STORED DATA
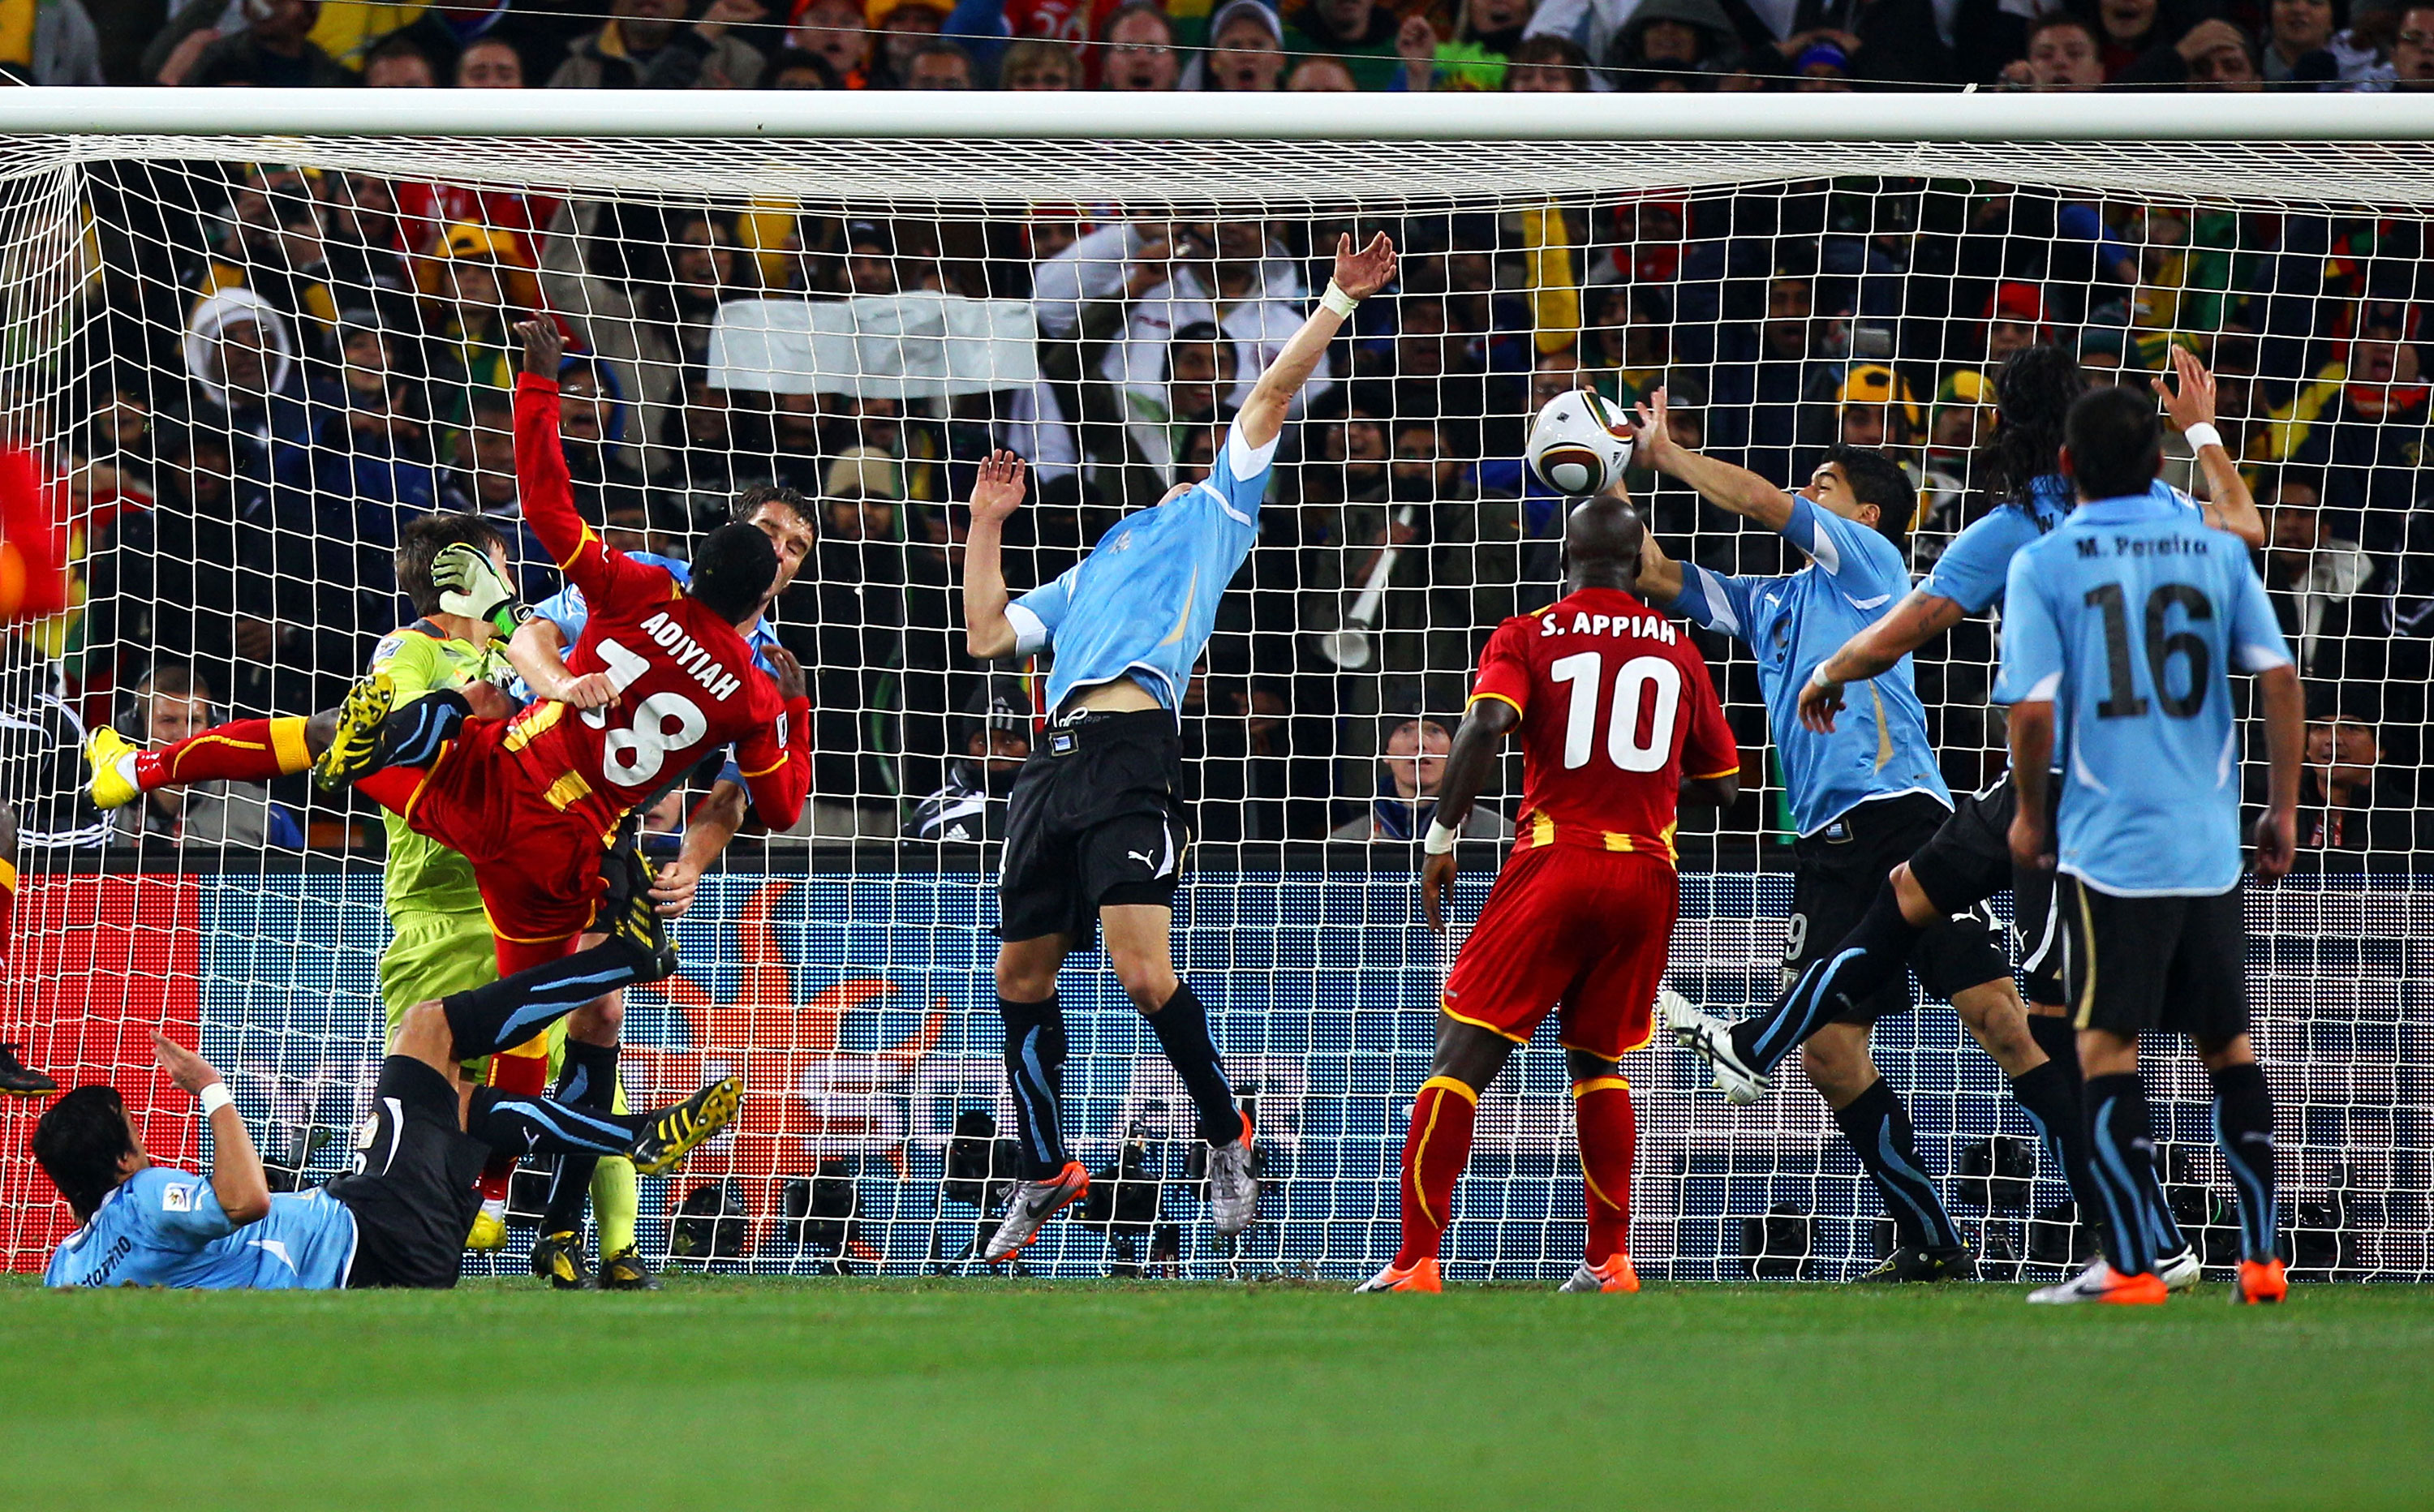 Luis Suarez of Uruguay handles the ball on the goal line during the 2010 World Cup match between Uruguay and Ghana.
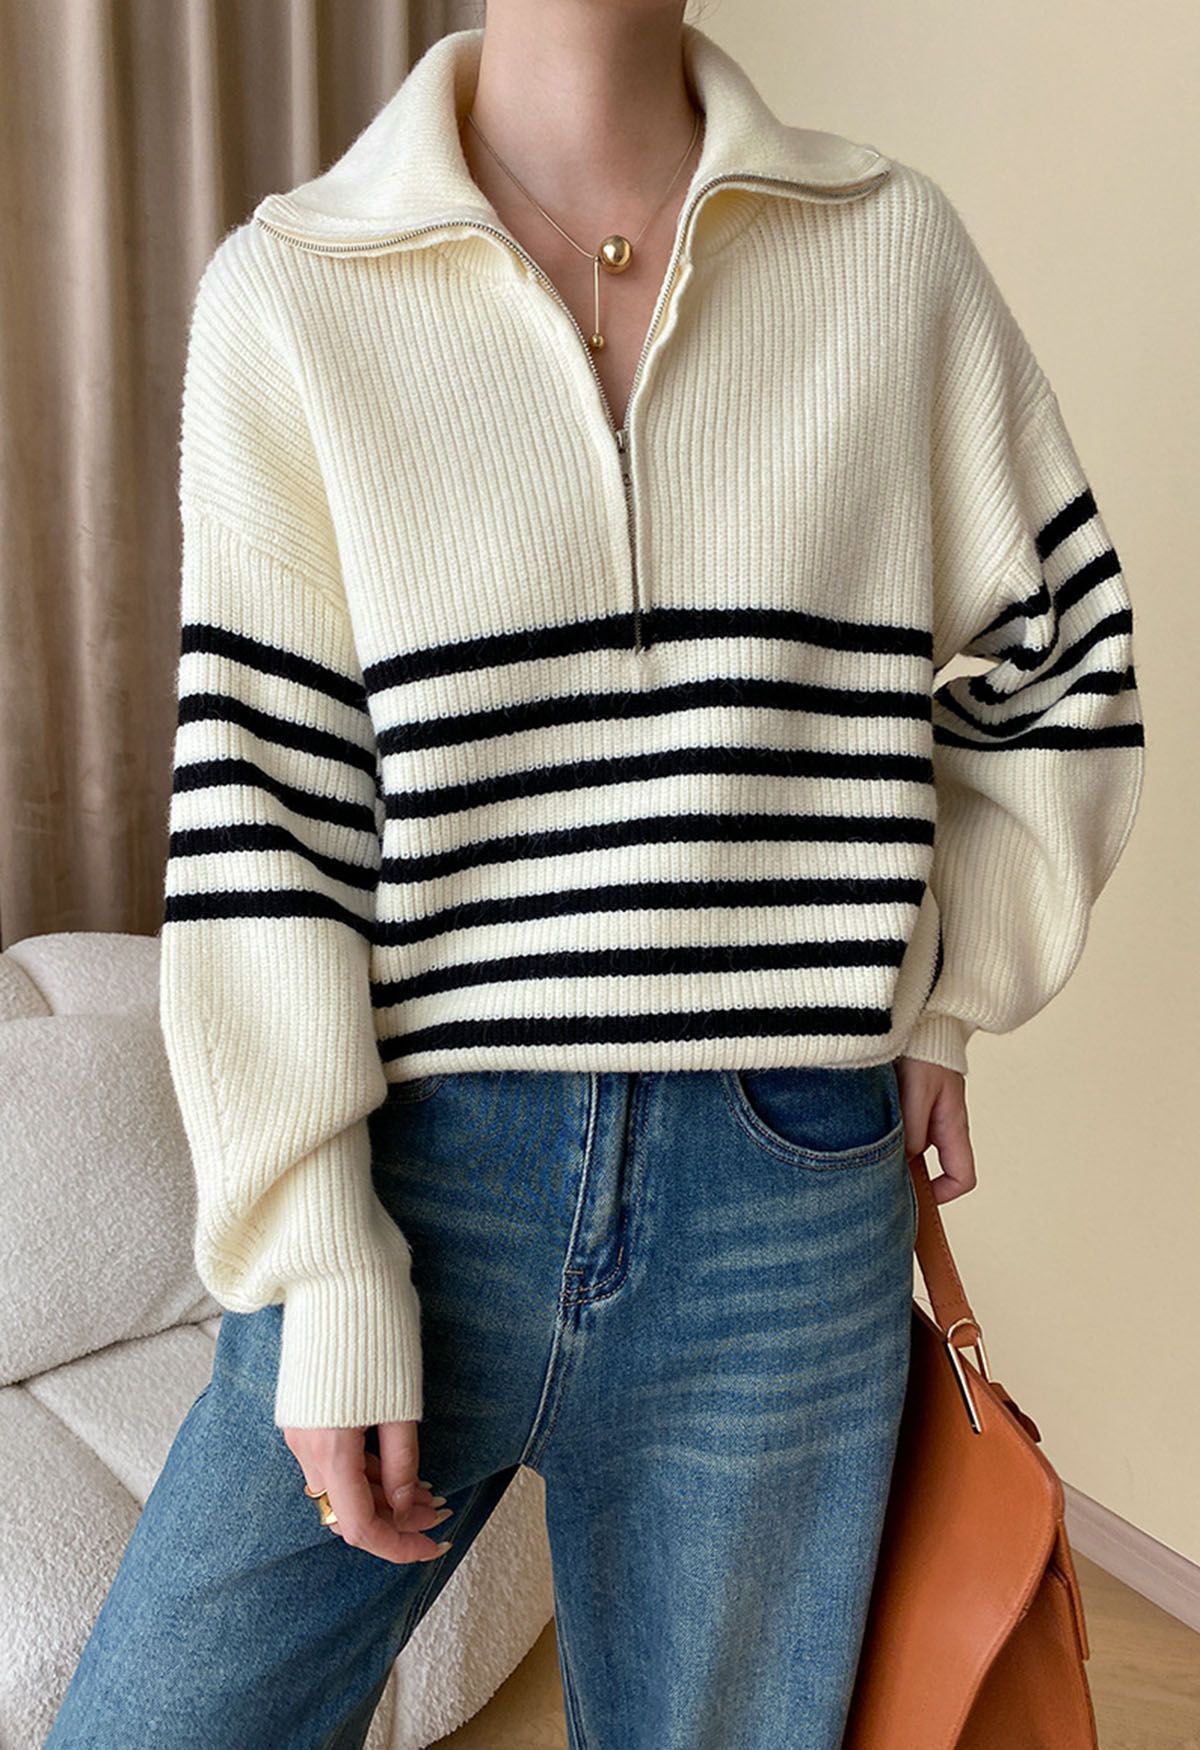 Flap Collar Zipper Neck Striped Knit Sweater in Ivory | Chicwish
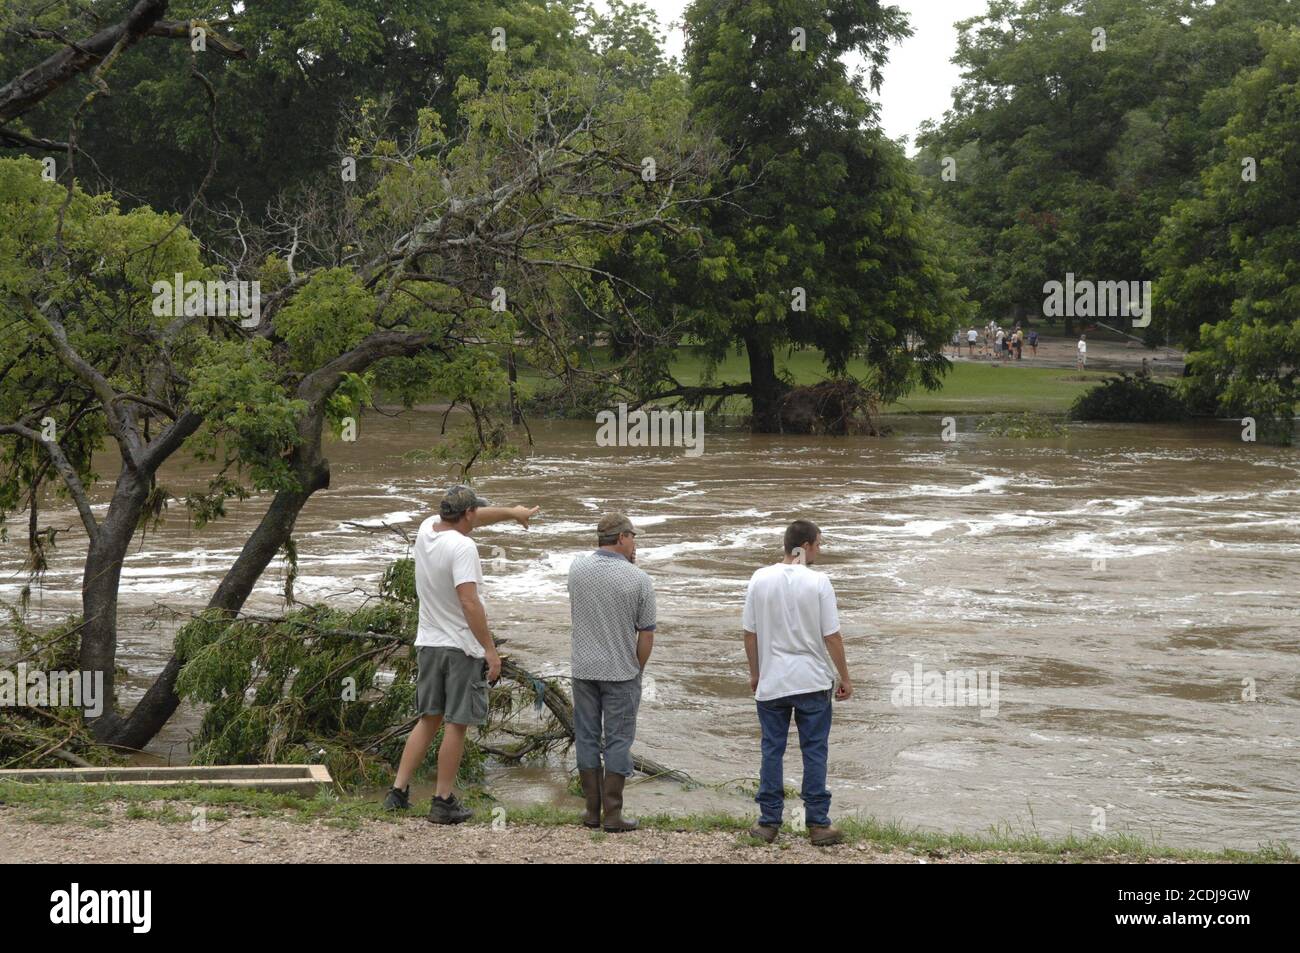 Marble Falls, TX  June 27, 2007:  Residents inspect normally placid Lake Marble Falls after up to 19 inches of rain in a few hours fell on the  area overnight. Flash flooding caused property damage in the millions as creeks overflowed an industrial area. No deaths were reported.        ©Bob Daemmrich Stock Photo

TASK PROMPT
Could you reproduce the listing above word for word while leaving out its pictures?

SOLVED EXERCISE
 Luis Suarez of Uruguay handles the ball on the goal line during the 2010 World Cup match between Uruguay and Ghana.
 Flap Collar Zipper Neck Striped Knit Sweater in Ivory | Chicwish
 Marble Falls, TX  June 27, 2007:  Residents inspect normally placid Lake Marble Falls after up to 19 inches of rain in a few hours fell on the  area overnight. Flash flooding caused property damage in the millions as creeks overflowed an industrial area. No deaths were reported.        ©Bob Daemmrich Stock Photo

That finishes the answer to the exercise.